Futures Contract
Financial term in the Investing category
Definition
An agreement to buy or sell an asset at a predetermined price on a specific future date. Commonly used for commodities, currencies, and stock indices. Requires margin account.
Related Terms
Derivatives
Financial contracts whose value is derived from an underlying asset, such as stocks, bonds, commodities, or currencies. Includes options, futures, and swaps.
Commodities
Basic goods used in commerce that are interchangeable with other goods of the same type. Examples include gold, oil, wheat, and natural gas. Traded on commodity exchanges.
Margin
Borrowed money from a broker to purchase securities. Amplifies both gains and losses. Requires a margin account and maintaining minimum equity levels to avoid margin calls.
Frequently Asked Questions
What is Futures Contract?
An agreement to buy or sell an asset at a predetermined price on a specific future date.
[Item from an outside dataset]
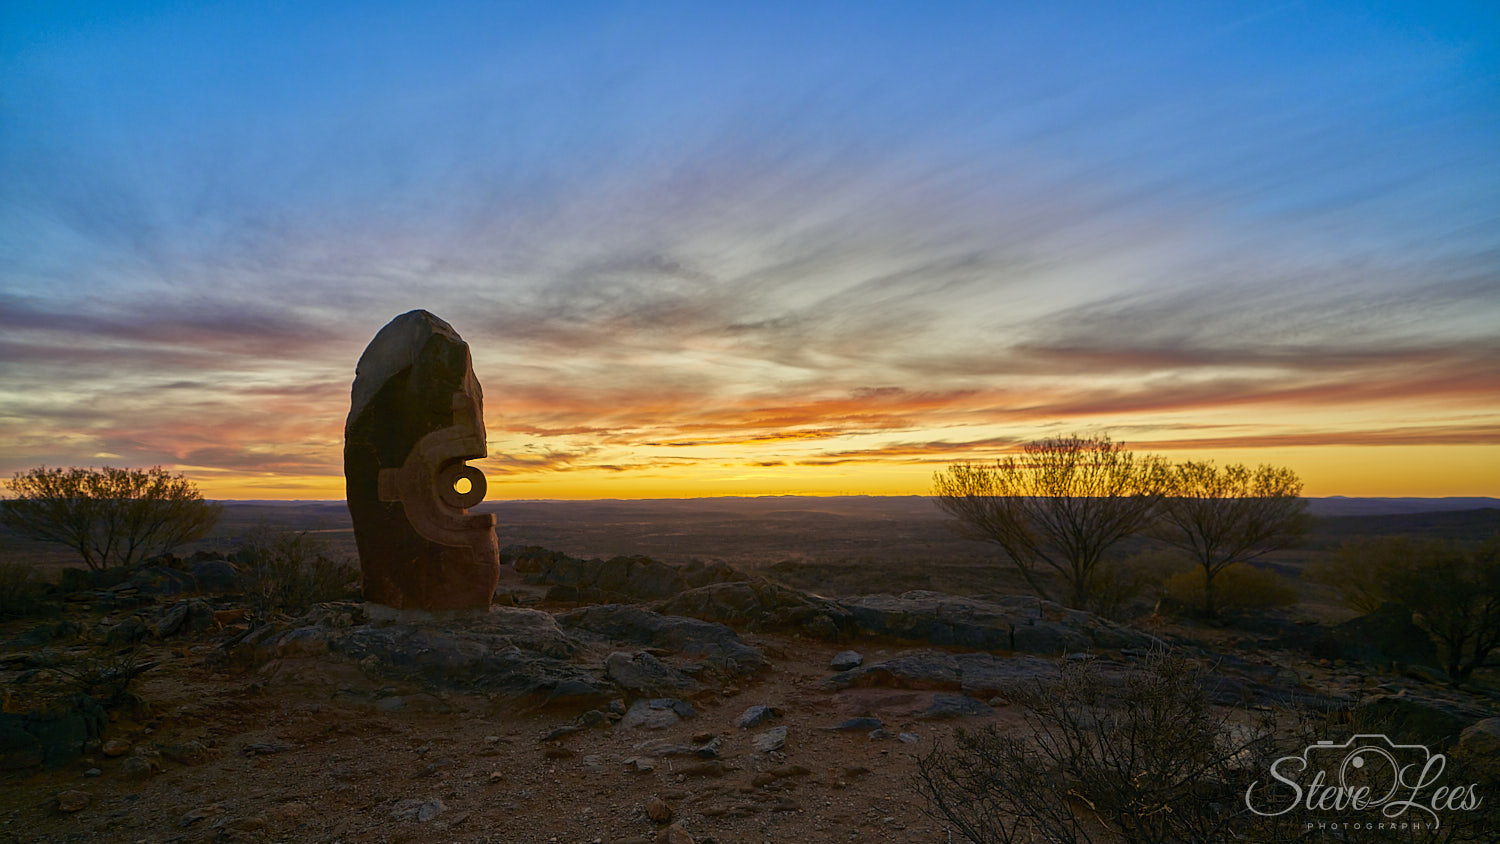 Living Desert and Sculptures Sunset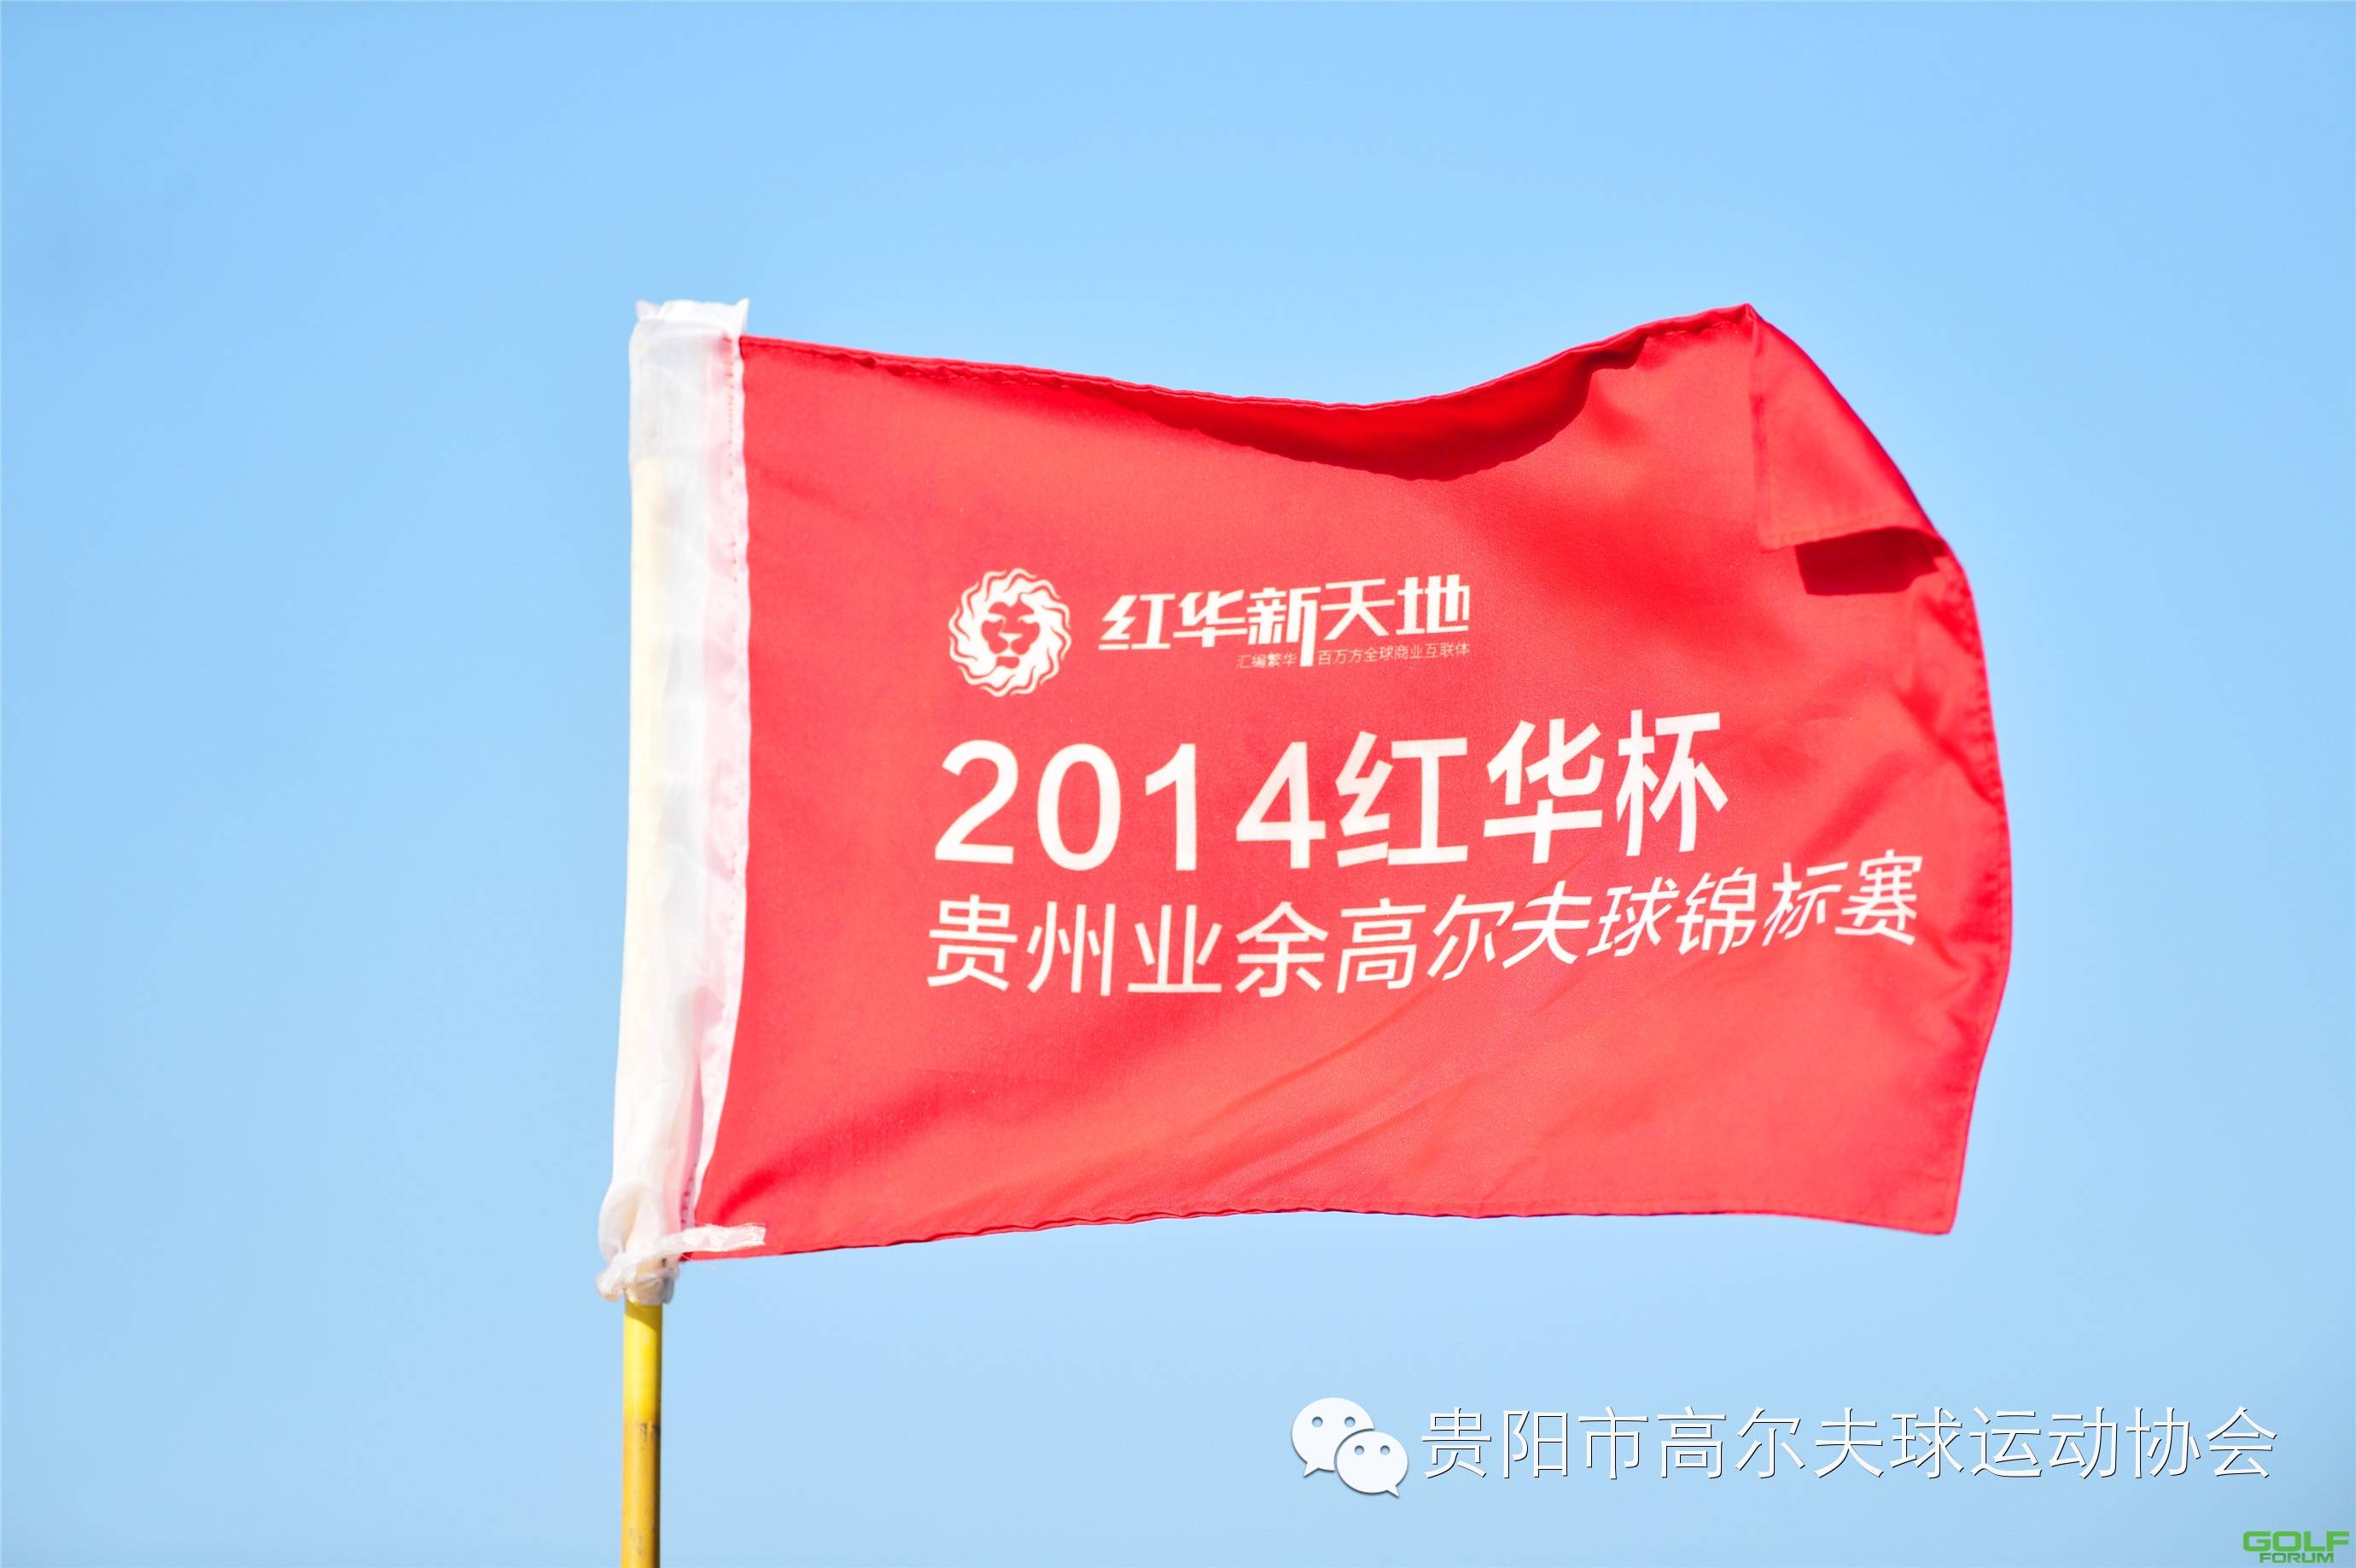 2014红华杯·贵州业余高尔夫锦标赛精彩花絮

Commonly used for commodities, currencies, and stock indices. Requires margin account.
Why is Futures Contract important in personal finance?
Futures Contract is an important investing concept that helps individuals make better financial decisions. Understanding Futures Contract can improve your financial planning and help you achieve your money goals.
How does Futures Contract relate to Derivatives?
Futures Contract and Derivatives are related financial concepts. Financial contracts whose value is derived from an underlying asset, such as stocks, bonds, commodities, or currencies. Includes options, futures, and swaps.